L’entreprise se spécialise dans deux grandes lignes de produits. La première comprend des pièces de prothèses et de dentiers fabriquées par micro-usinage, avec une précision comparable à celle de l’horlogerie de luxe. La seconde repose sur l’utilisation d’imprimantes 3D industrielles pour produire des orthèses destinées au traitement de l’apnée du sommeil et du ronflement.
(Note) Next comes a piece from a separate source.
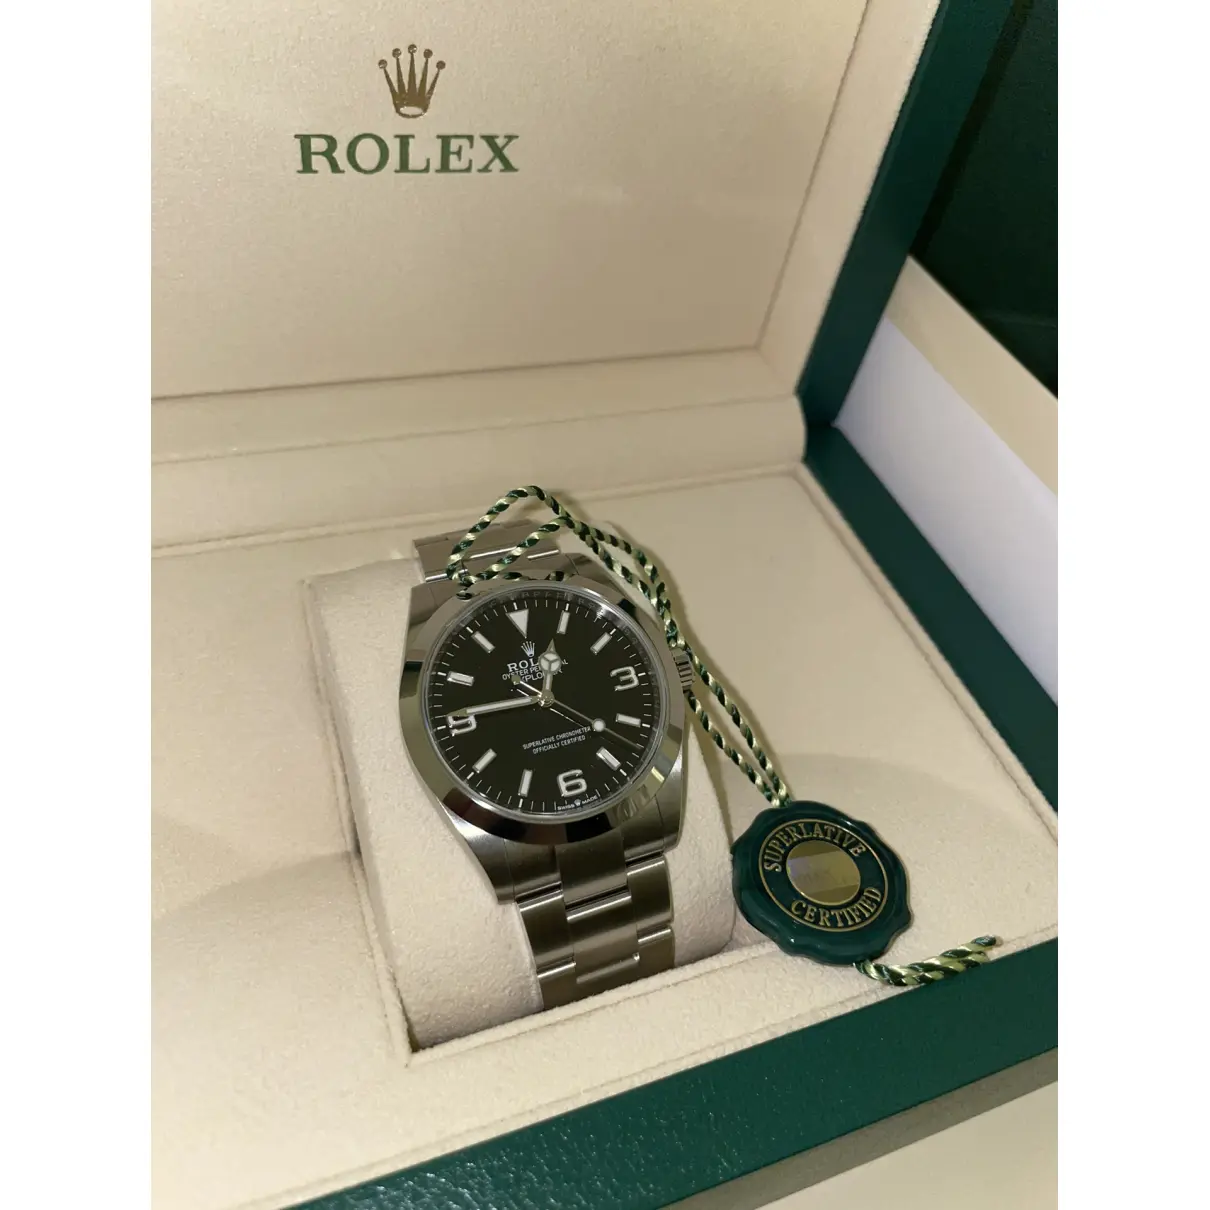 Buy Rolex Explorer watch online

Pour annoncer sa transition à l’interne comme à l’externe, Béatrice a opté pour la simplicité. « J’ai envoyé un courriel à tout le monde pour annoncer le changement de mon adresse électronique, sans donner d’autres explications. Ce qui est exceptionnel, c’est que personne — absolument personne — ne m’a posé de questions. »

Au fil de la conversation, ses préoccupations pour la communauté LGBTQ+ reviennent souvent. « Il est vrai que notre communauté a fait d’énormes gains dans les années 1990 et 2000. Mais aujourd’hui, je sens monter un vent moins inclusif. Un exemple frappant : le gouvernement du Québec a nommé un Comité des sages sur l’identité de genre sans aucun représentant de la communauté LGBTQ+. » On sent chez Béatrice Robichaud une implication profonde dans les enjeux sociaux et politiques du Québec ; une citoyenne engagée et lucide.
Lorsqu’on lui demande quel conseil elle donnerait à une personne envisageant une transition aujourd’hui, elle répond sans hésiter : « Il est important d’avoir le soutien d’un ou d’une amie et de chercher de l’aide auprès d’un organisme communautaire. » Elle ajoute qu’il ne faut pas que toute la vie tourne uniquement autour de l’identité de genre. « Qu’il s’agisse d’un projet entrepreneurial ou artistique, il est crucial d’avoir d’autres passions, afin d’éviter l’épuisement et de garder une perspective équilibrée. »

Femme aux multiples facettes, Béatrice Robichaud n’hésite jamais à mettre les mains à la pâte. Elle avance avec assurance, telle une force tranquille, capable de transformer durablement tout ce qui se trouve sur son passage.